_DATA EXCERPTS_.
· · · ·

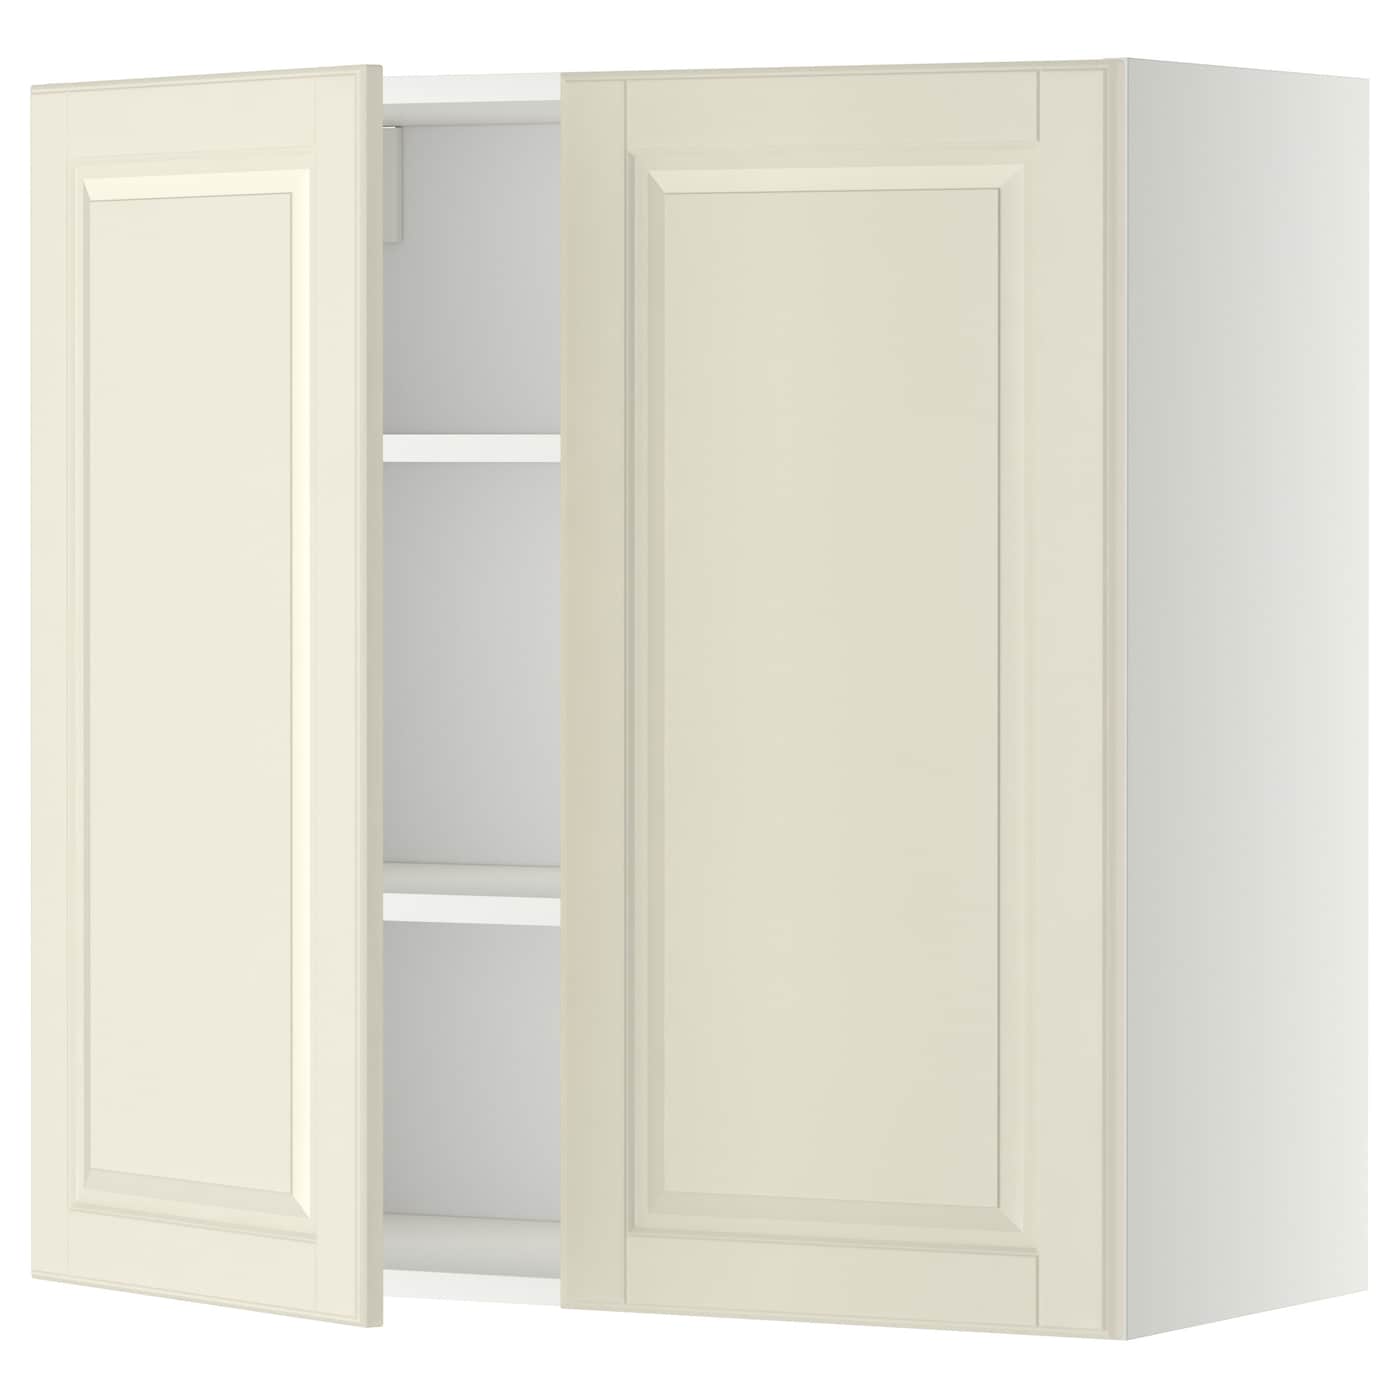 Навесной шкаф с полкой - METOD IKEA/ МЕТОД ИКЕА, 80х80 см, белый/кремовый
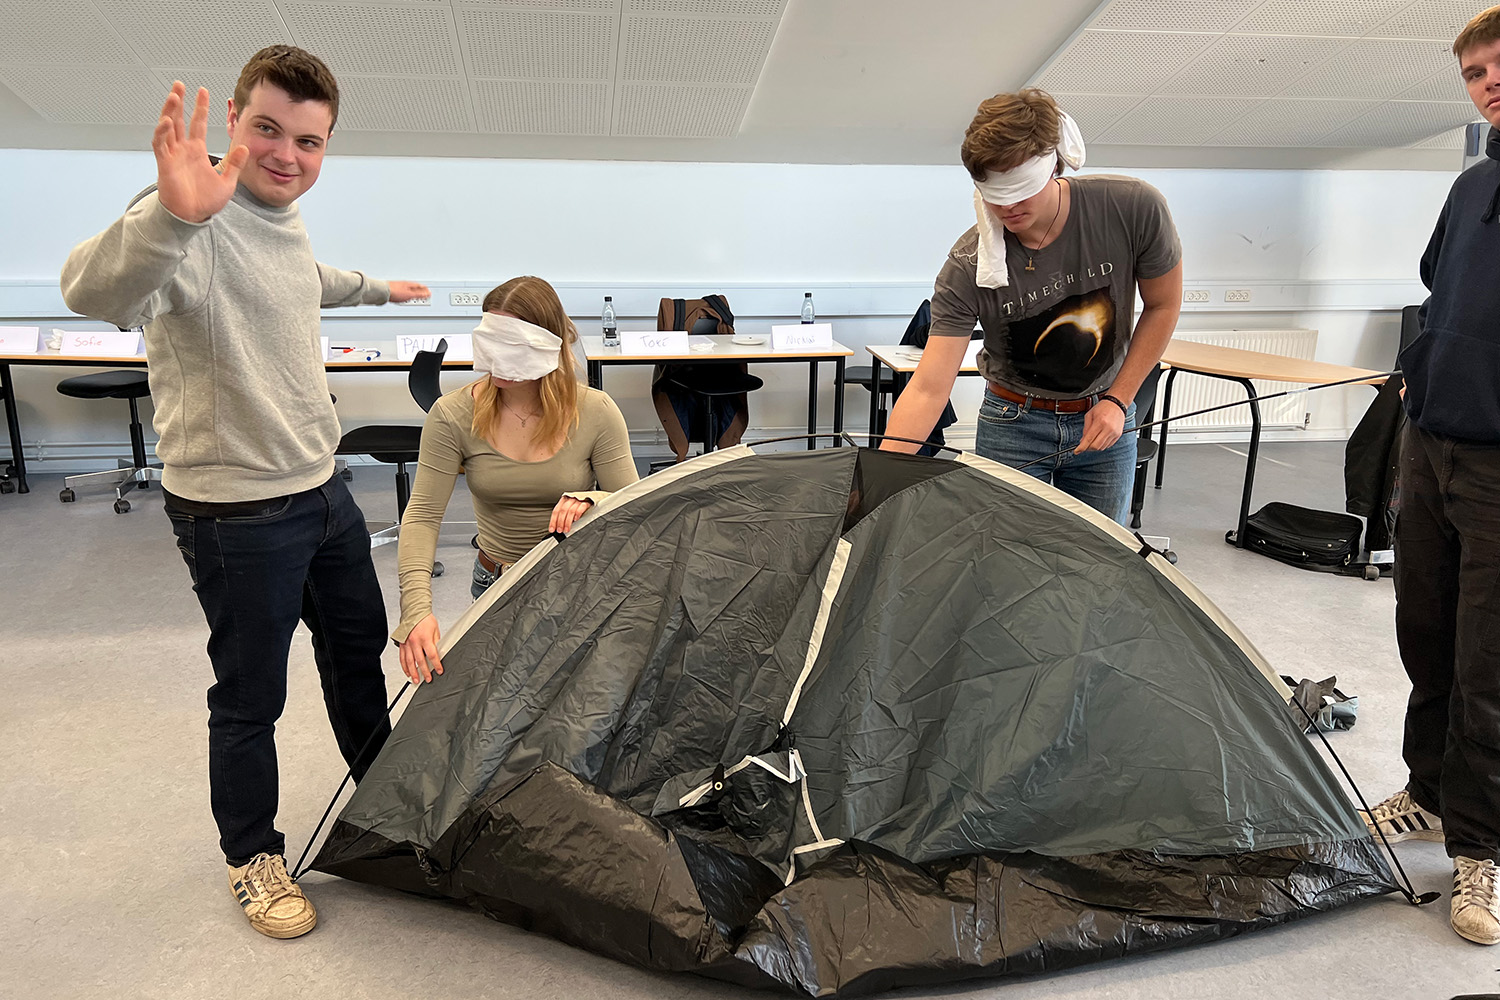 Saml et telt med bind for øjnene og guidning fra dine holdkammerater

· · · ·

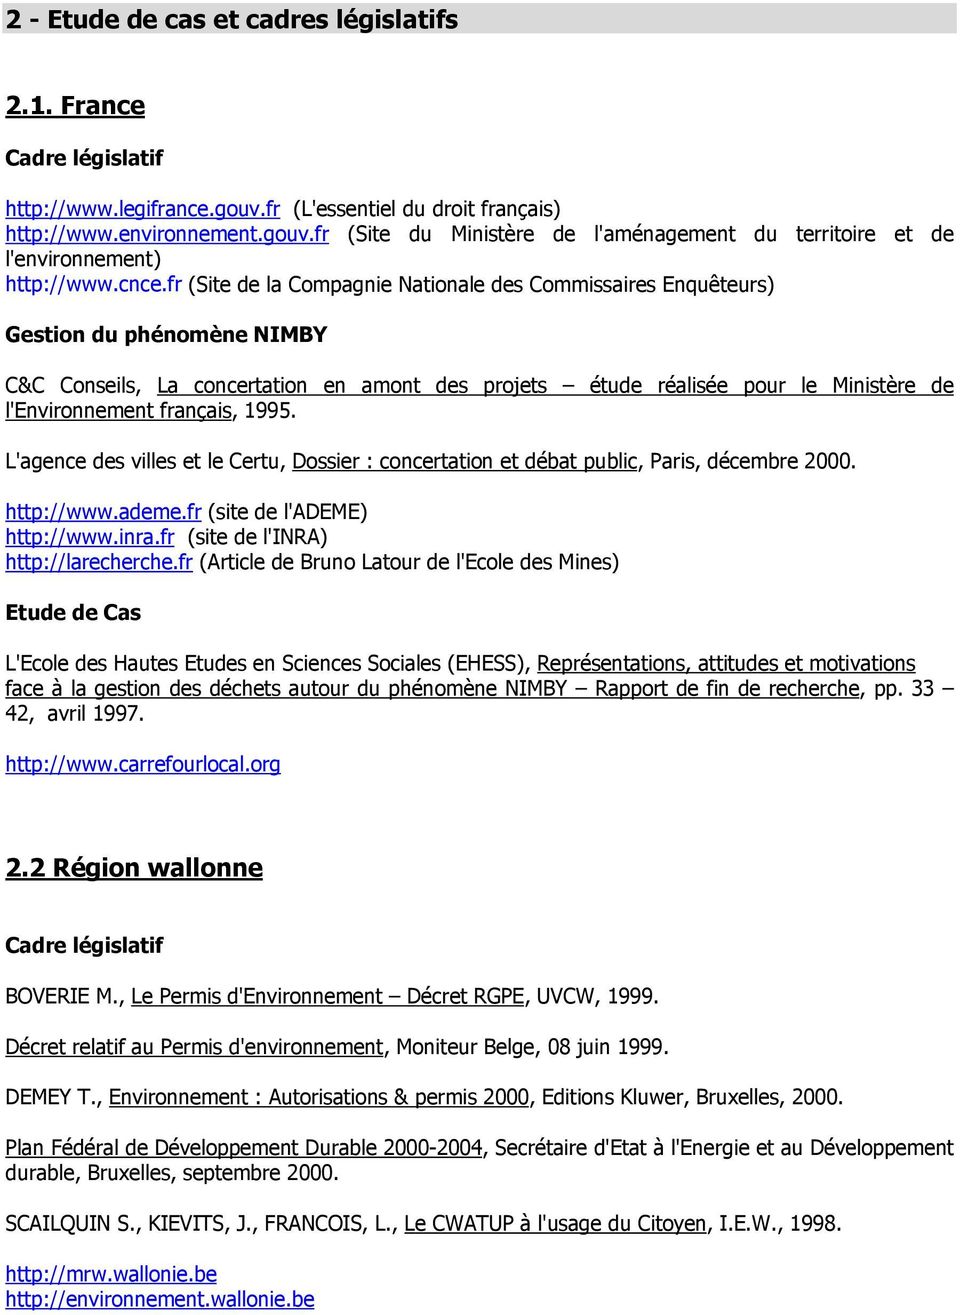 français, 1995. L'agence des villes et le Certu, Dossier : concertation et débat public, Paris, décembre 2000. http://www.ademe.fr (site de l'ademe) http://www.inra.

· · · ·

_WHAT THIS TASK INVOLVES_. Using the entries above, reproduce word for word only the lines from the one that contains "Навесной шкаф с" to the one that contains "Saml et telt", both ends included, and drop every picture.

_SOLUTION FOR THIS EXERCISE_.
 Навесной шкаф с полкой - METOD IKEA/ МЕТОД ИКЕА, 80х80 см, белый/кремовый
 Saml et telt med bind for øjnene og guidning fra dine holdkammerater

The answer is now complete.